Looking to buy a MOSTLY complete ++(No frame/forks only please) Monark Silver King or Hawthorne Duralium Flowcycle / Airflow (MAY be interested in a SK Wingbar )....cracked ok,more concerned with completeness..Have cash or bikes to trade,PM or email me at bikesnbuses@yahoo.com  Thank you! 
Here are some pics of a Flocycle in the type of condition(or better  Im looking to buy or trade for. (courtesy of Doug Fisk)







[/QUOTE]


----------



## JOEL (Aug 20, 2014)

I have a Hawthorne flo project for sale.


----------



## bikesnbuses (Aug 20, 2014)

Cool,can you please send me info/specifics?

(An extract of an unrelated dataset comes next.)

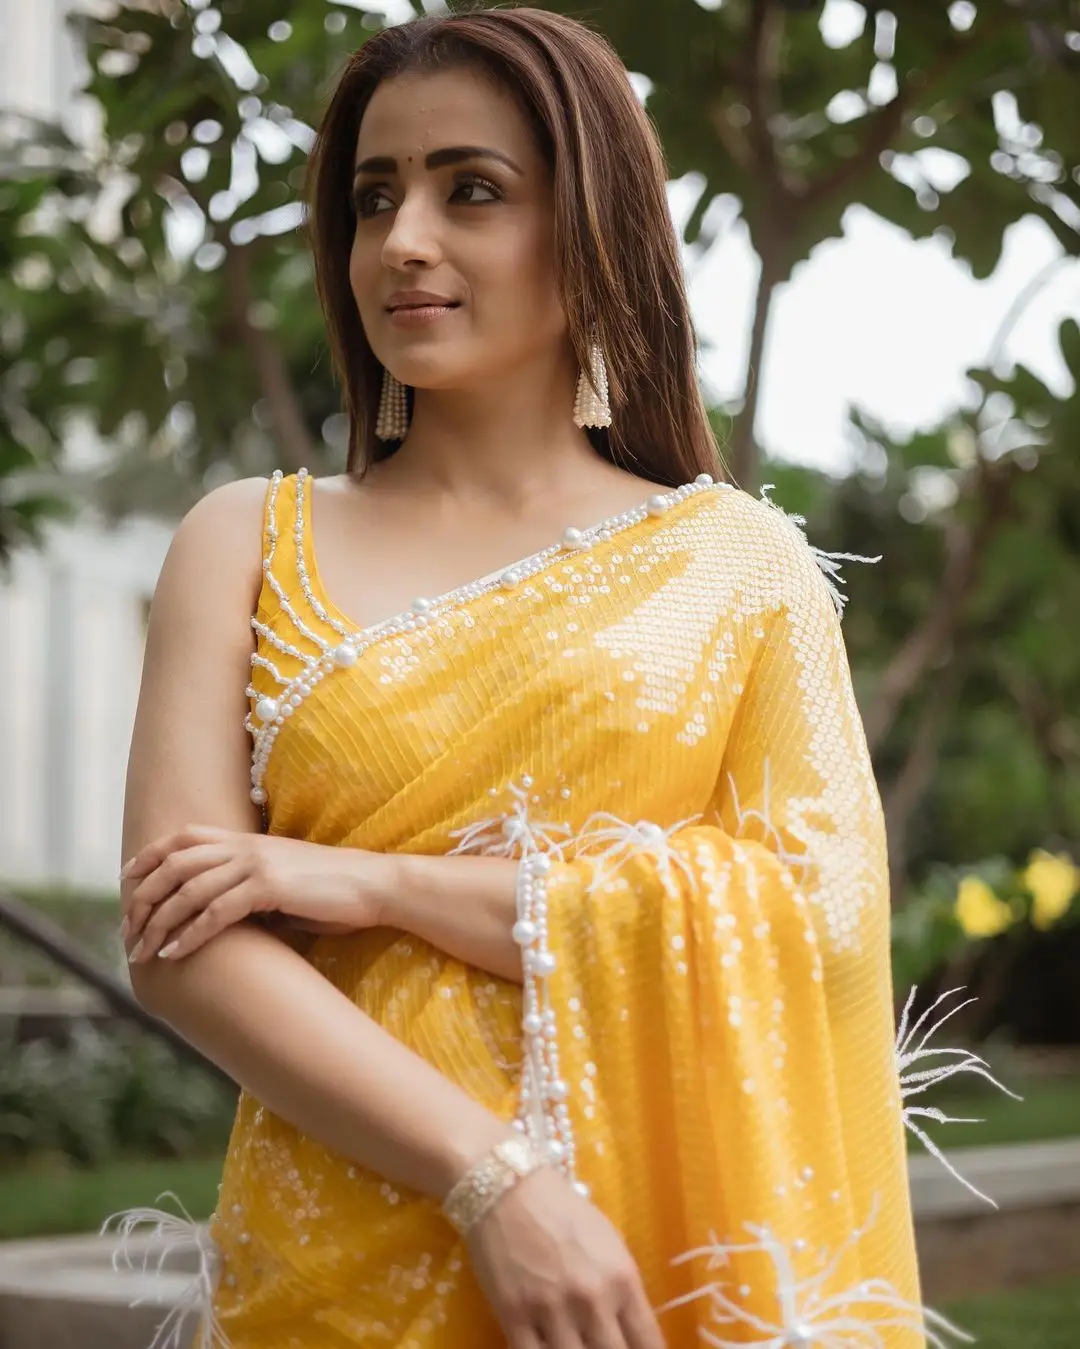 Trisha Krishnan Mesmerizing Looks In Beautiful Yellow Designer Saree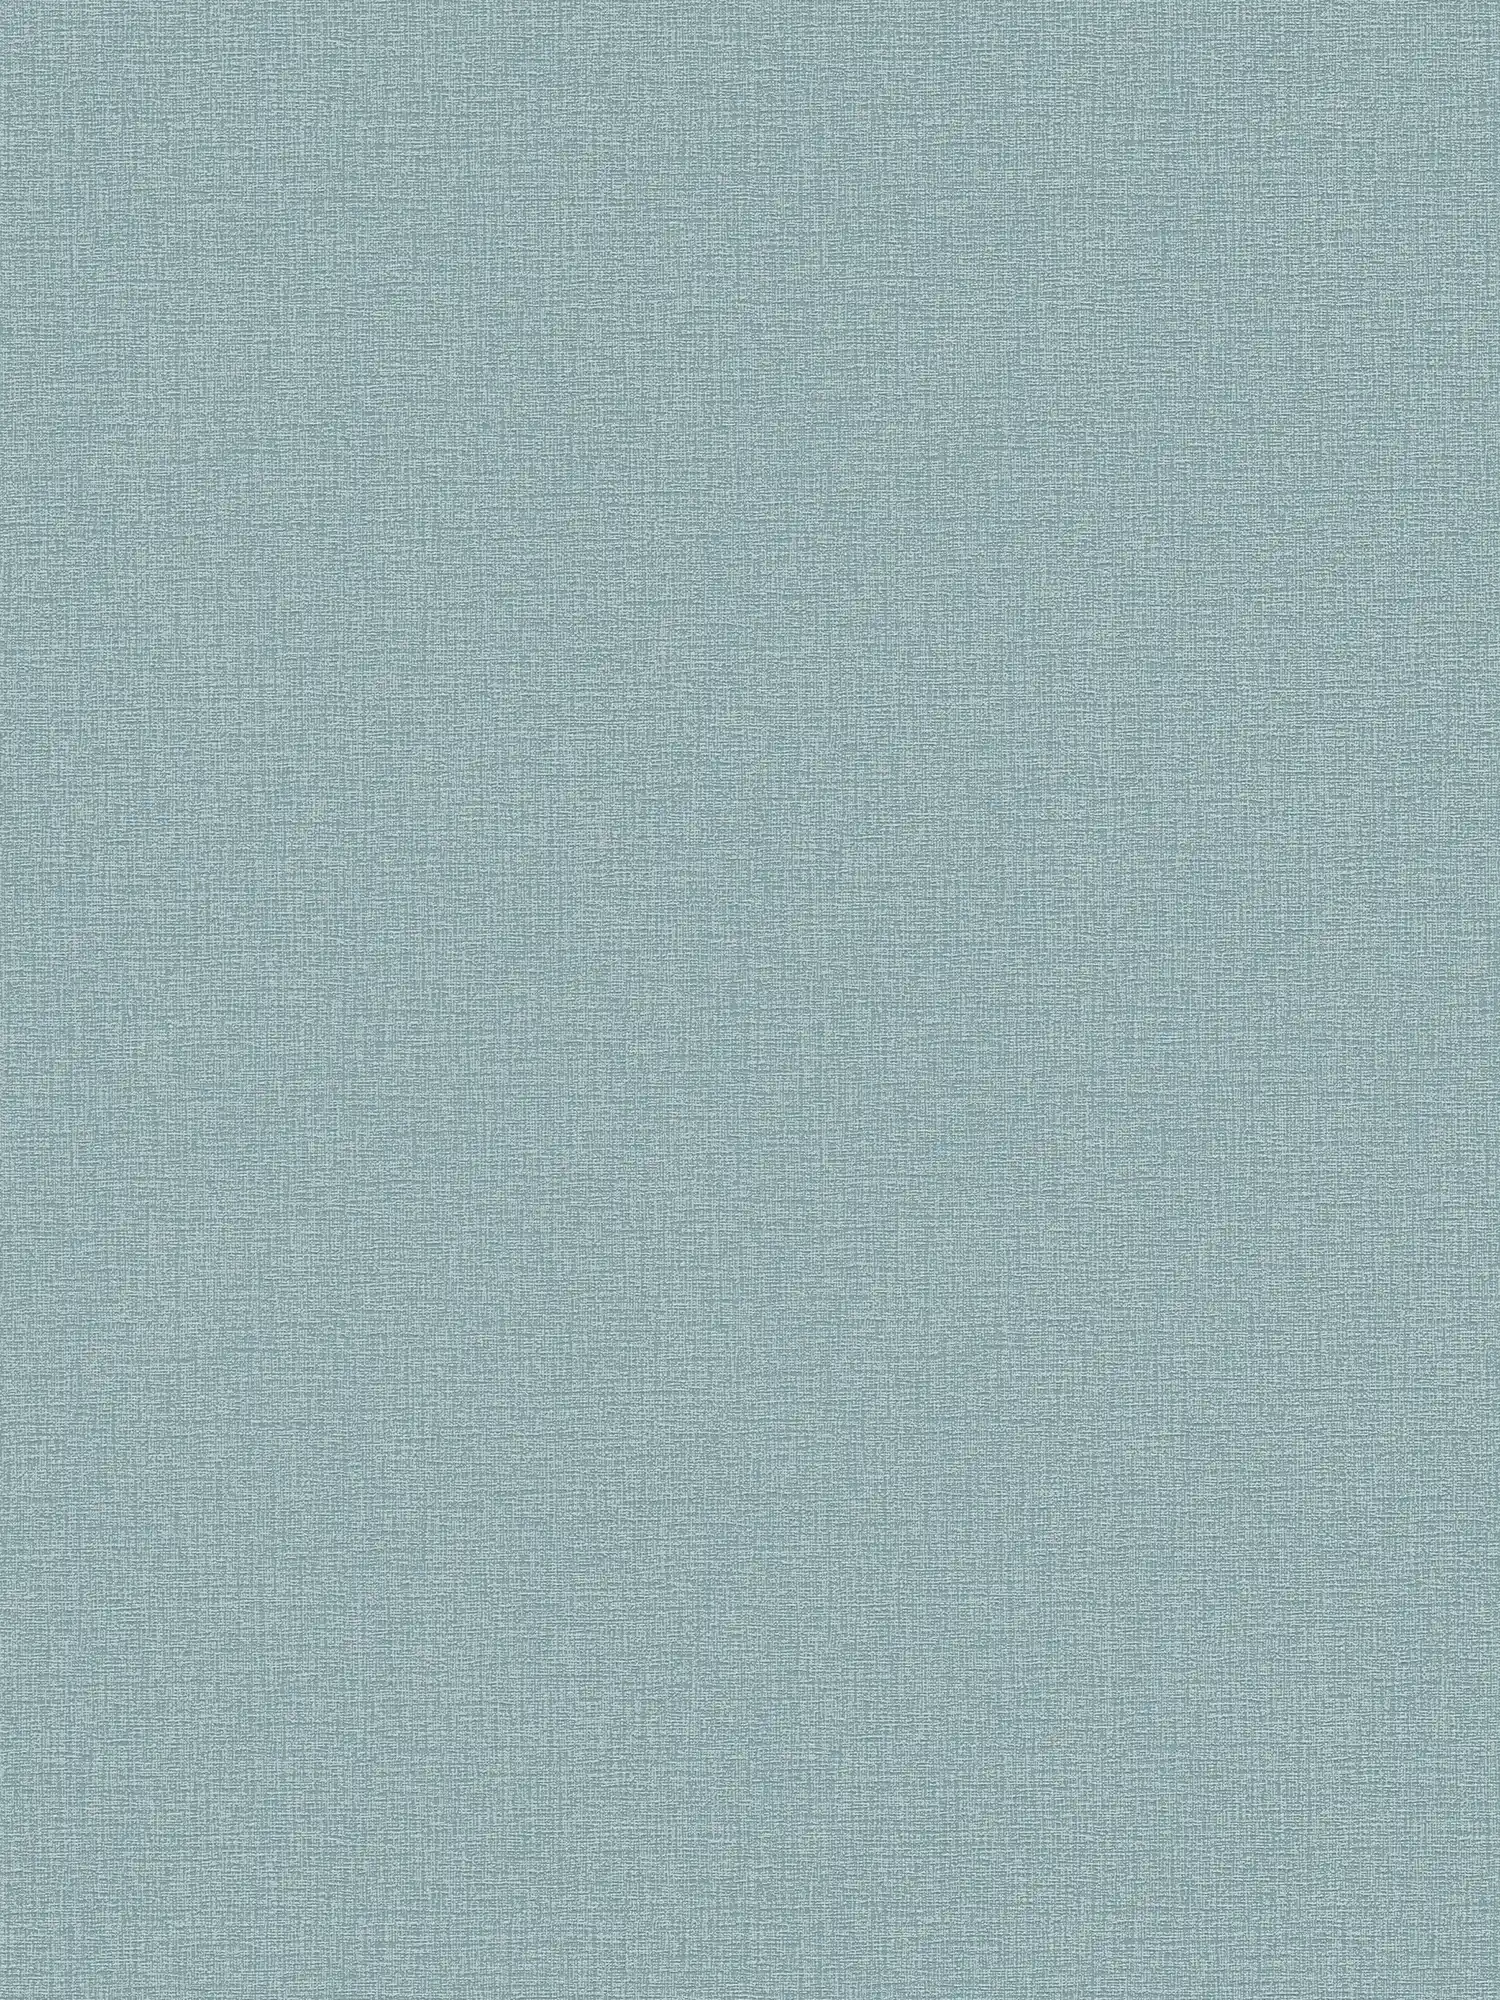 Lightly textured plain wallpaper - blue, turquoise, petrol

Thanks,Jeff


----------



## dean724 (Aug 20, 2014)

*check this out*

http://providence.craigslist.org/bik/4613703189.html


----------



## bikesnbuses (Aug 20, 2014)

Thank you!!but it's a girls bike...and it's my ad. .


----------



## dean724 (Aug 20, 2014)

bikesnbuses said:


> Thank you!!but it's a girls bike...and it's my ad. .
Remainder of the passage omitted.